··· DATA BLOCK ···

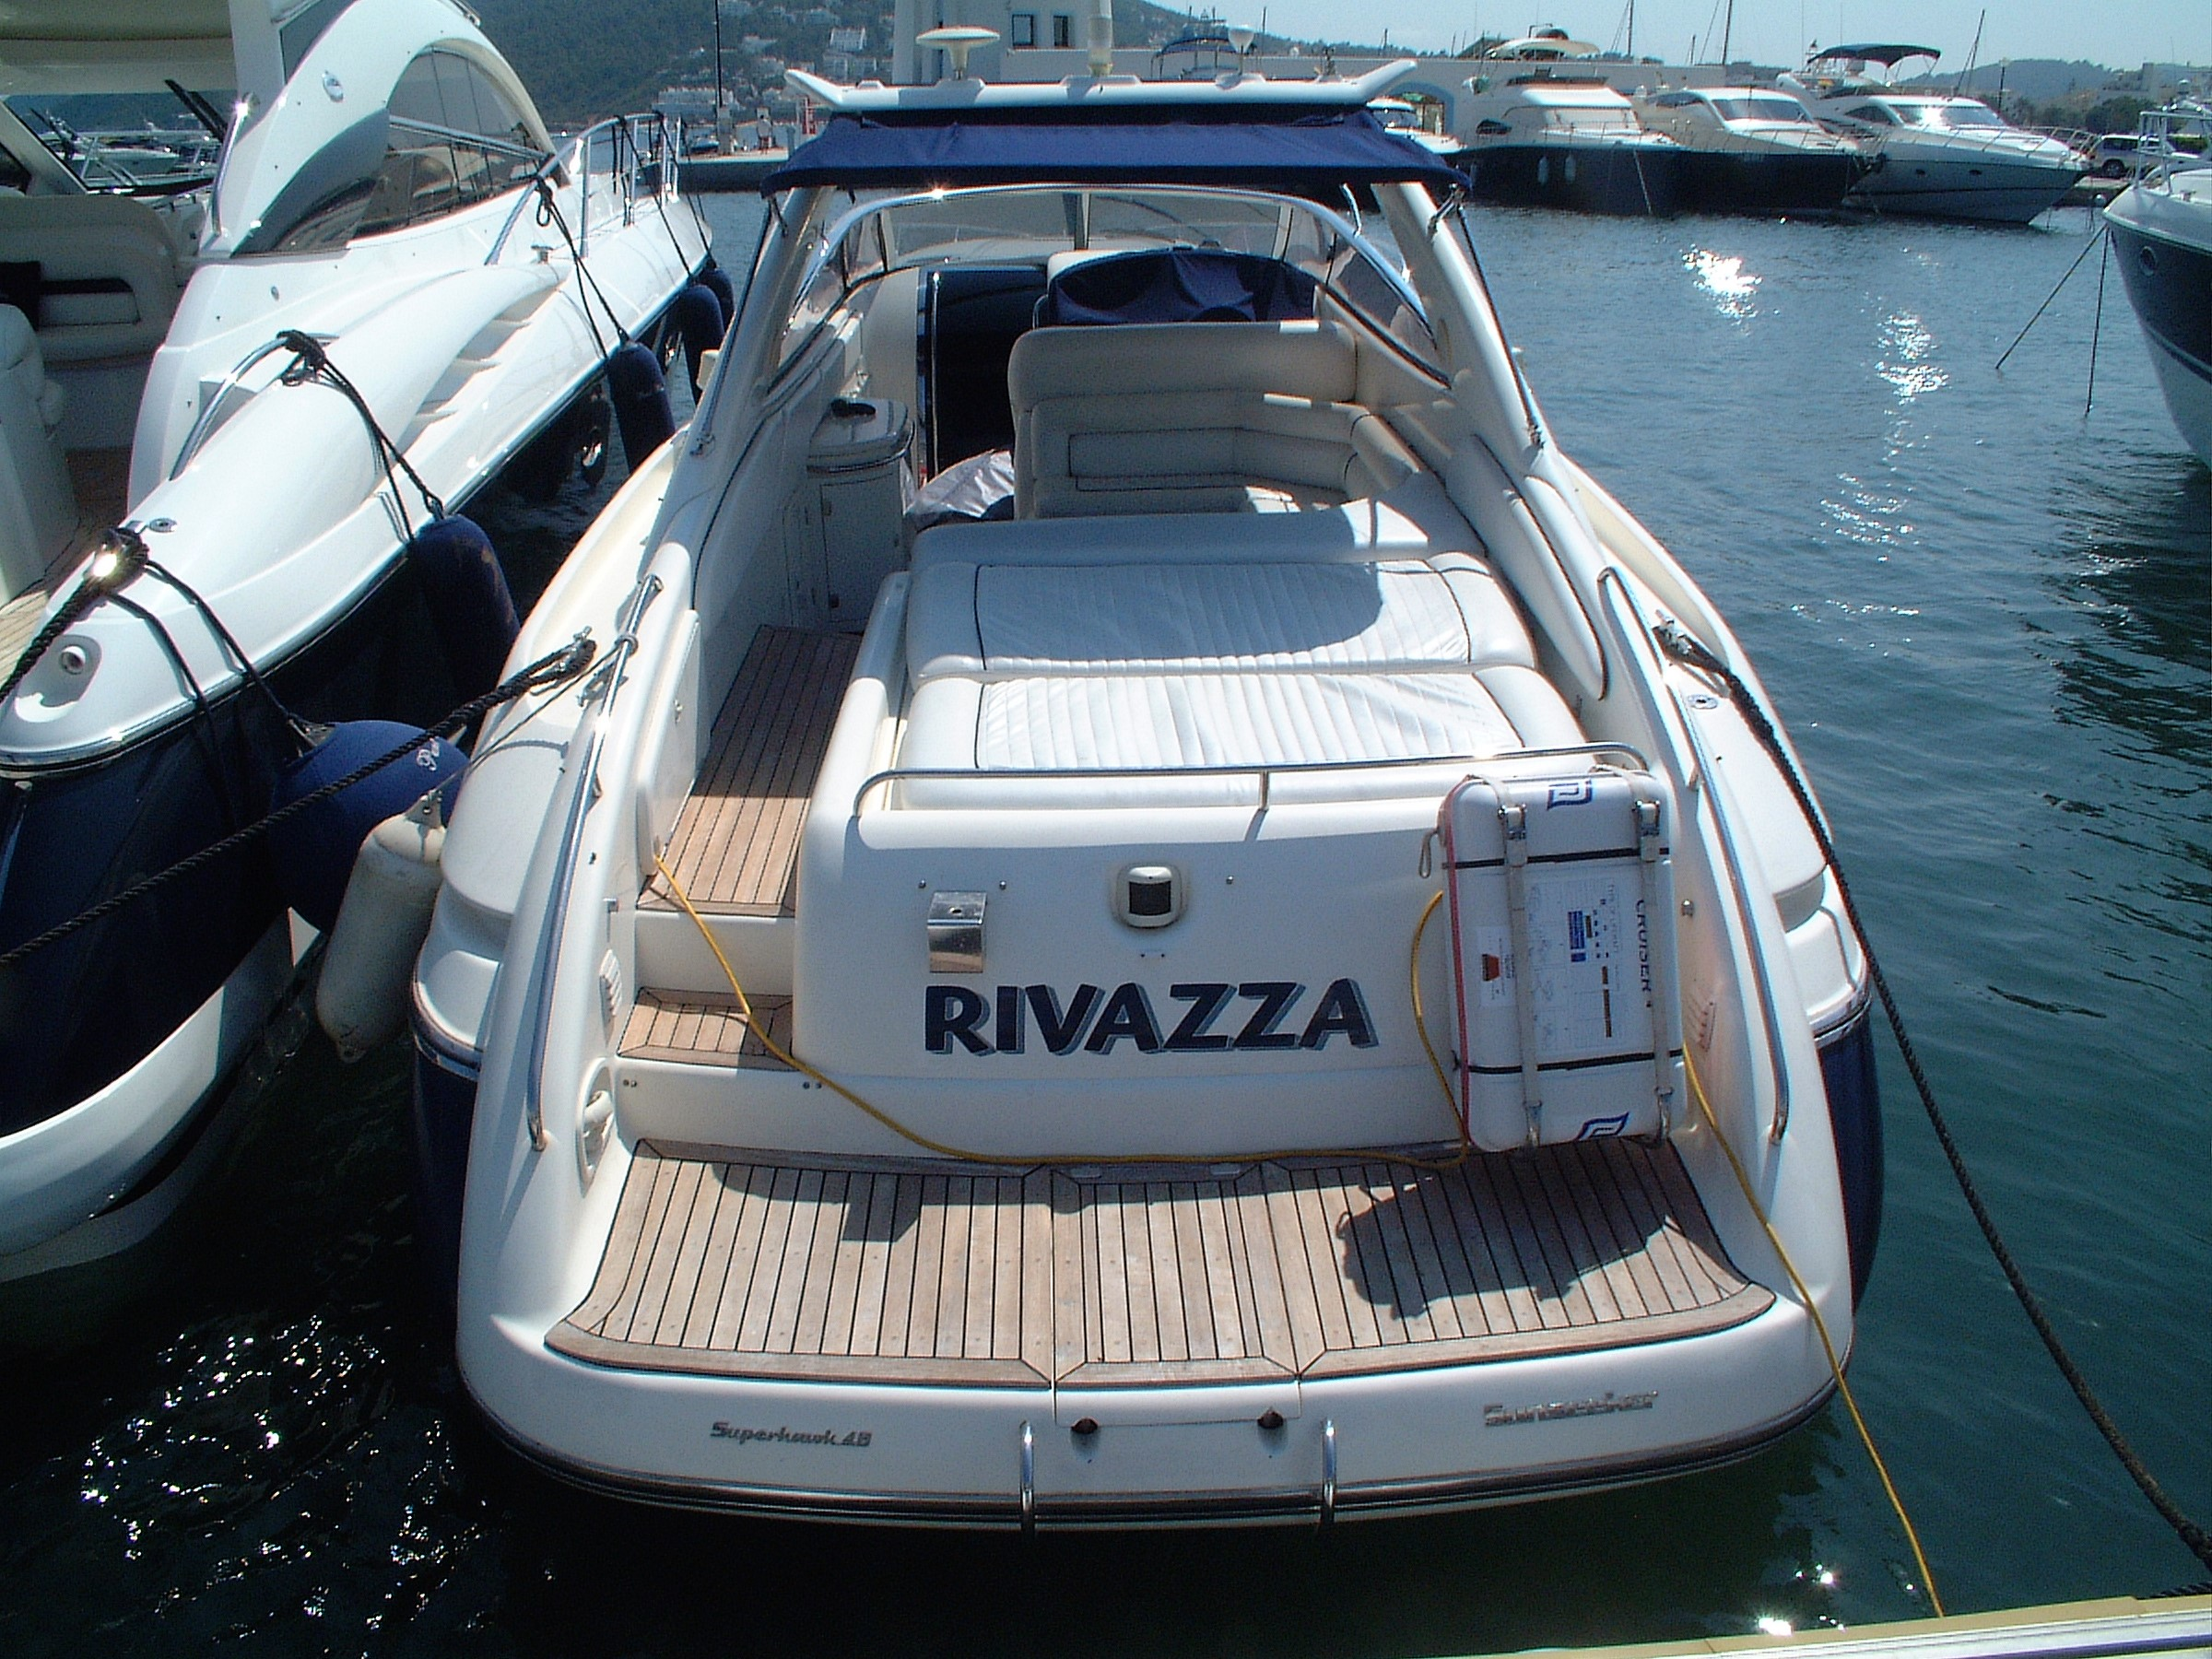 Rivazza 04.JPG
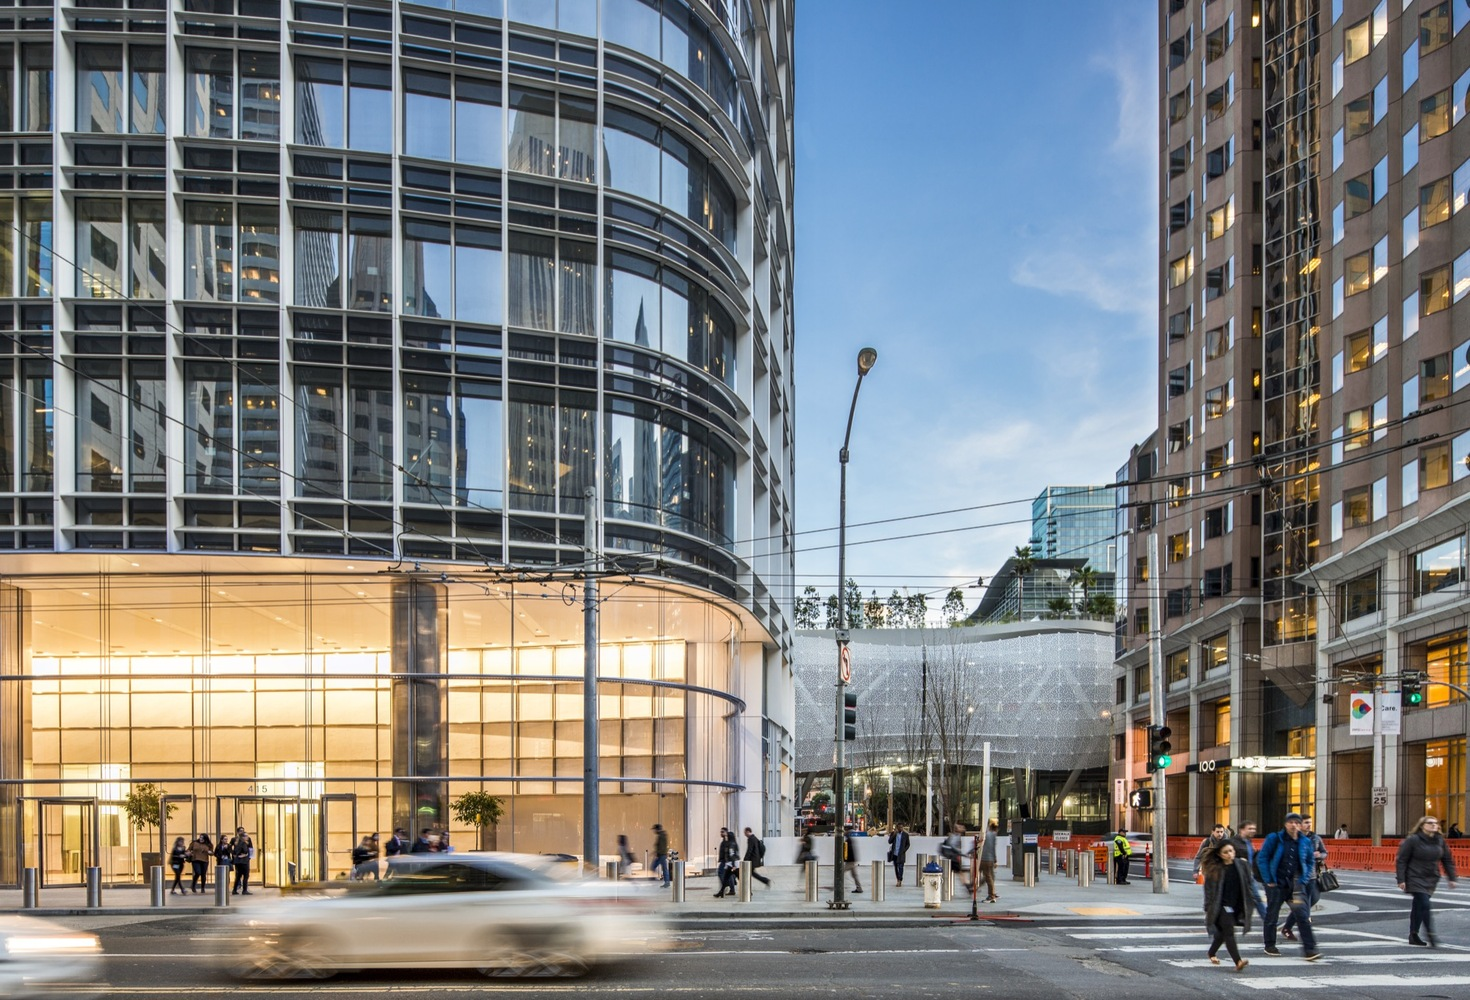 Salesforce Tower - Pelli Clarke Pelli Architects - IGS Magazine - Projects - 2
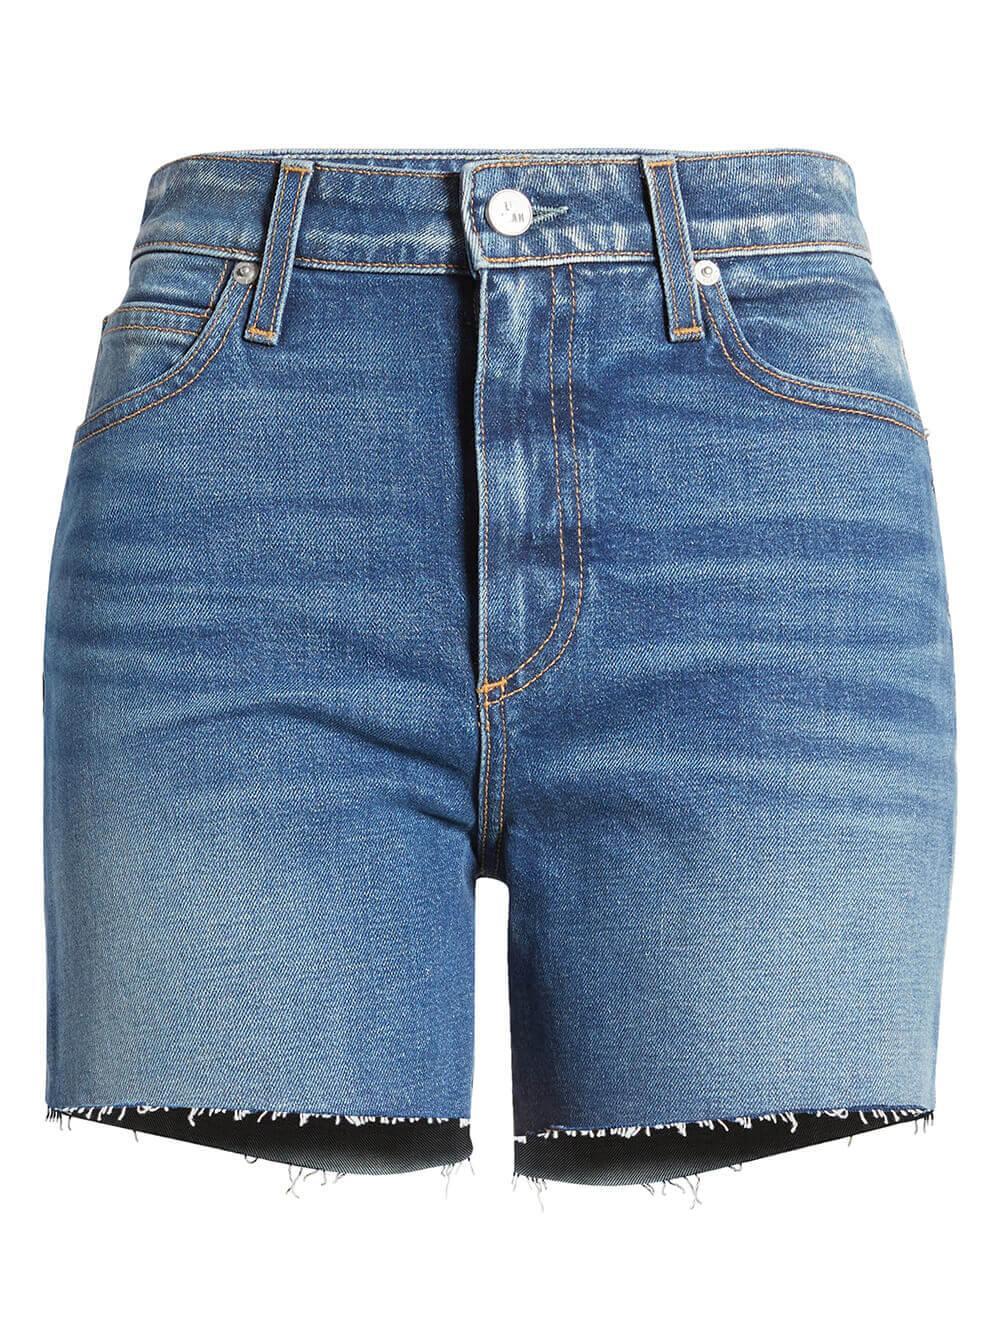 High Rise Lexi Jean Shorts Item # W013-500-336
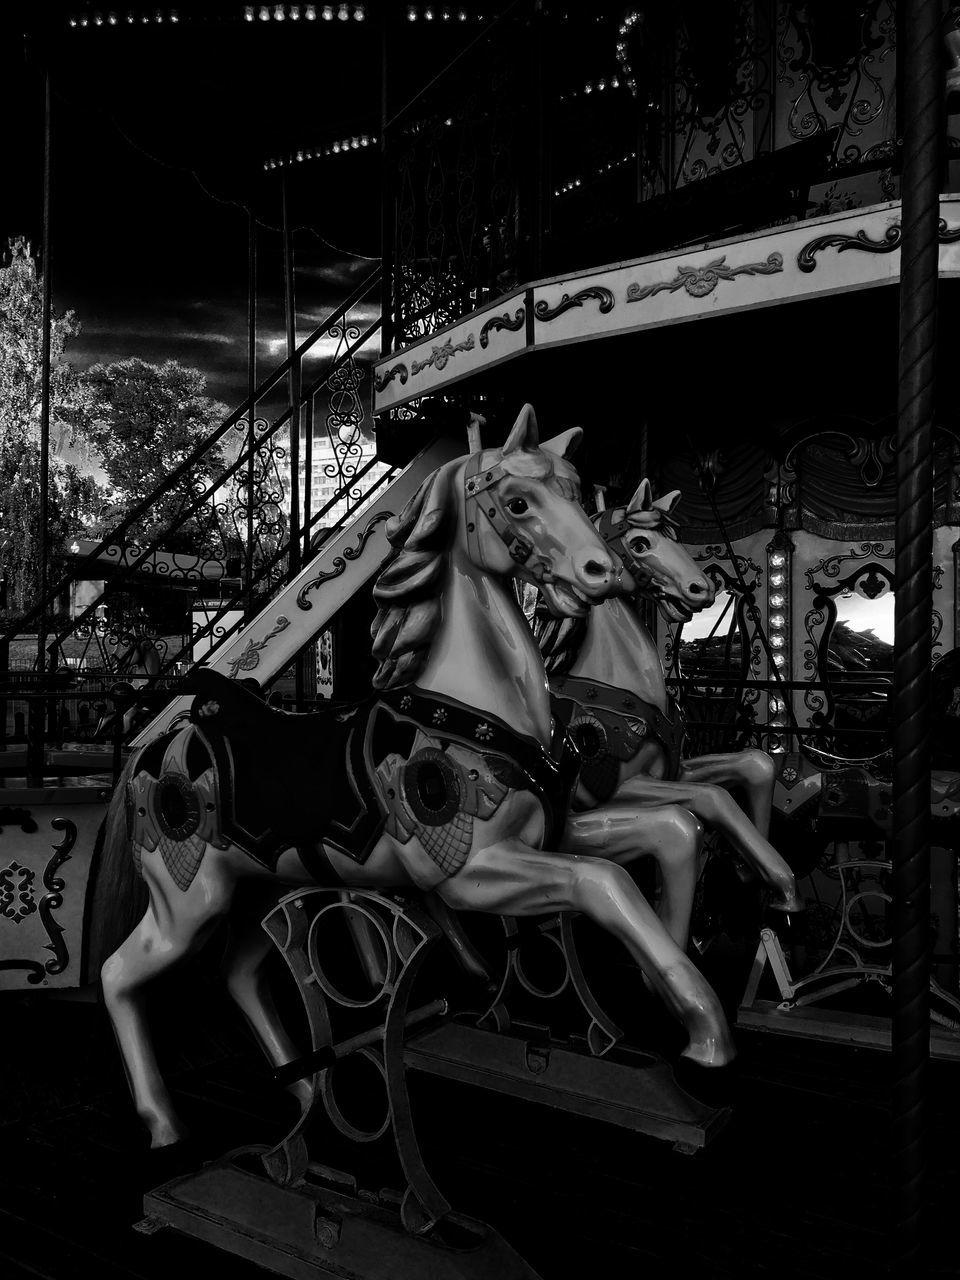 amusement park, carousel horses, amusement park ride, animal representation, horse, carousel, arts culture and entertainment, night, no people, animal themes, outdoors

···

== WHAT THE TASK REQUIRES ==
The expected answer is the lines from the one that has "High Rise Lexi" to the end of the listing, transcribed exactly, with pictures left out and no other line added.

== RESPONSE FOR THIS EXERCISE ==
 High Rise Lexi Jean Shorts Item # W013-500-336
 amusement park, carousel horses, amusement park ride, animal representation, horse, carousel, arts culture and entertainment, night, no people, animal themes, outdoors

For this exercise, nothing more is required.